• _DIRECTIONS FOR THIS TASK_: An acceptable answer repeats exactly the line containing "SALE! 1 left!" and all lines that follow it in the listing below, and it includes no pictures.
[[ GIVEN INFORMATION open ]]
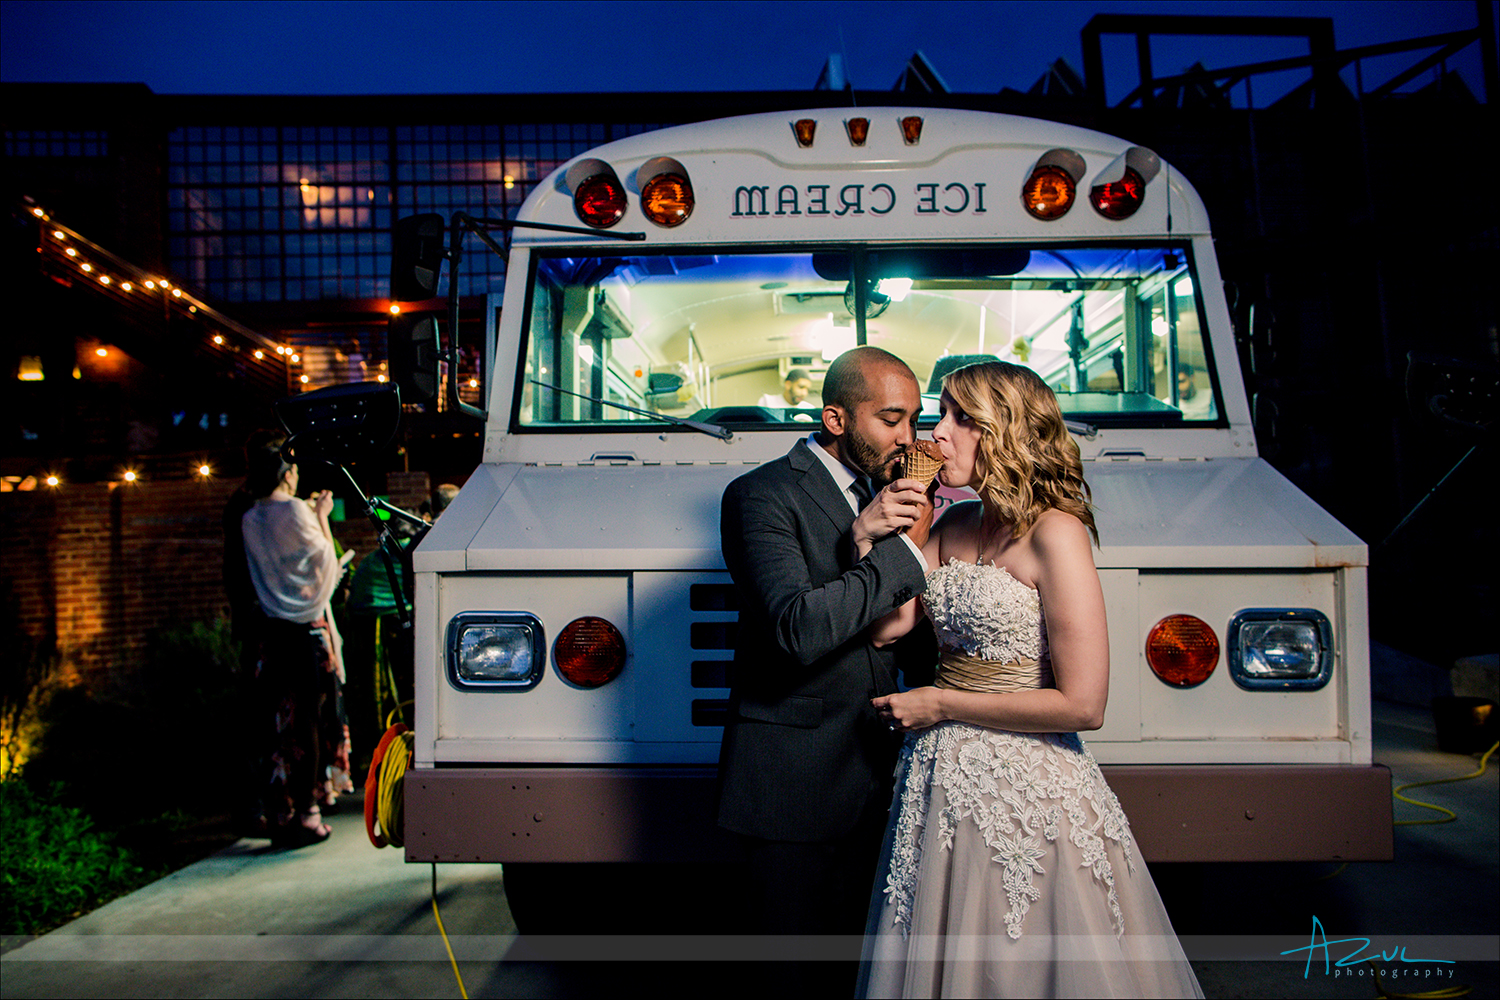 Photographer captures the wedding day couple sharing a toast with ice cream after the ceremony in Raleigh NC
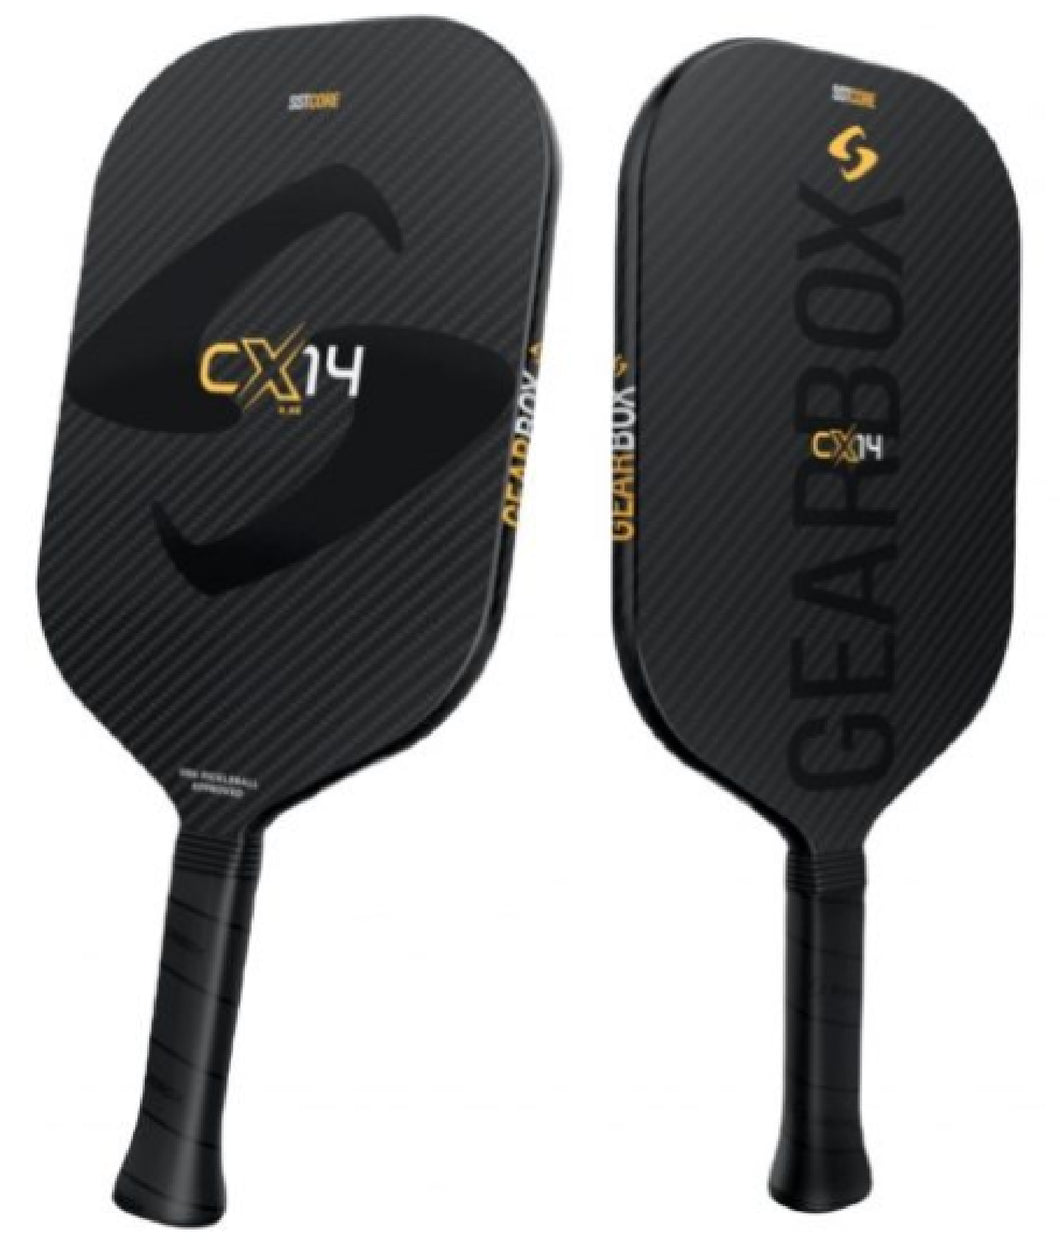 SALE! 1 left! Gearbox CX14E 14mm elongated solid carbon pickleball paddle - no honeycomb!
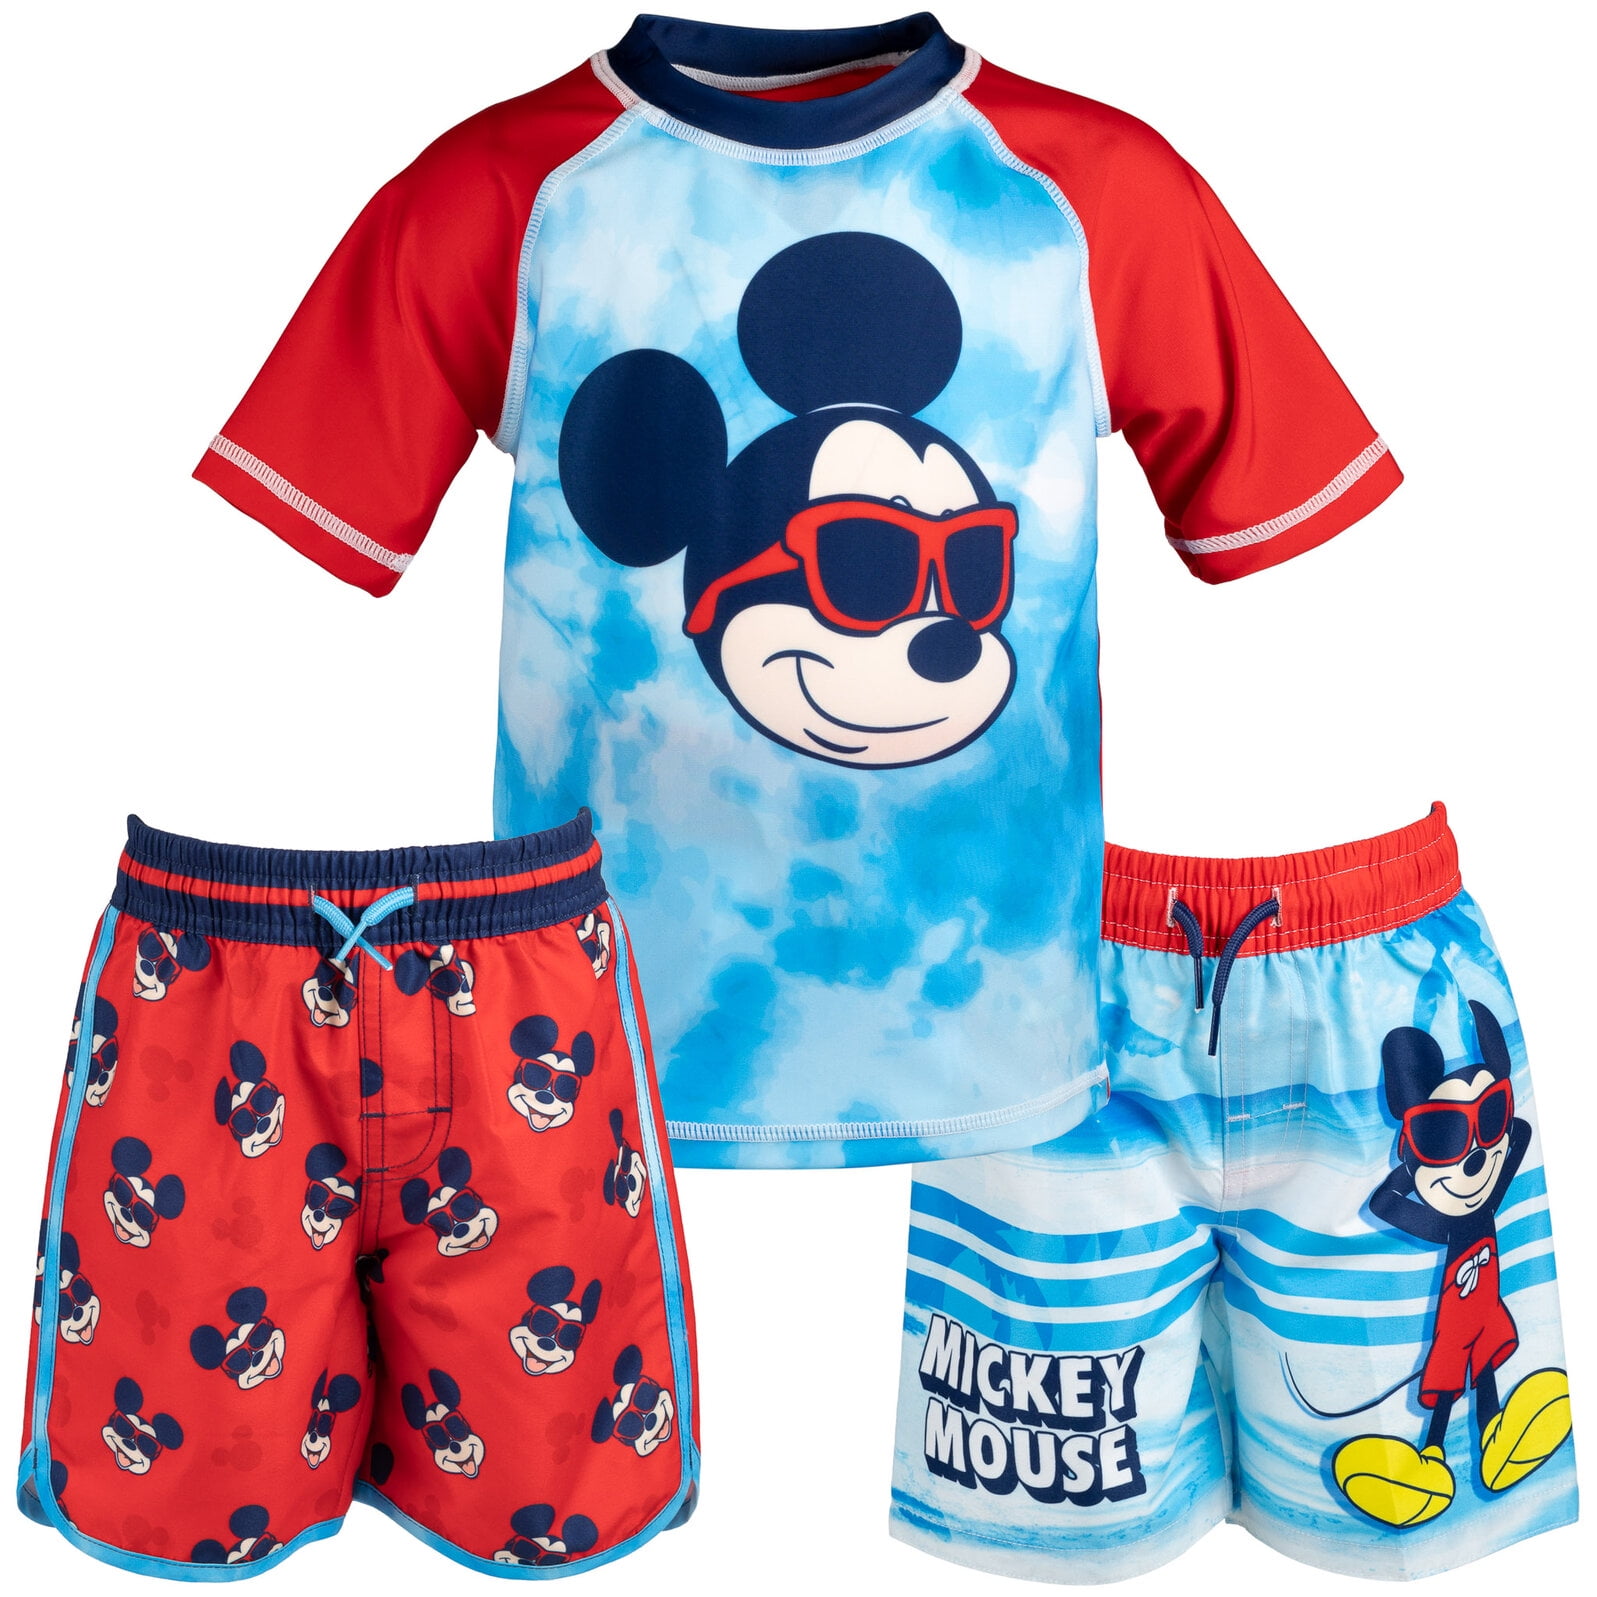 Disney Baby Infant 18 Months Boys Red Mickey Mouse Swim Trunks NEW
[[ GIVEN INFORMATION closed ]]
• _OUTPUT OF THE EXERCISE_:
 SALE! 1 left! Gearbox CX14E 14mm elongated solid carbon pickleball paddle - no honeycomb!
 Disney Baby Infant 18 Months Boys Red Mickey Mouse Swim Trunks NEW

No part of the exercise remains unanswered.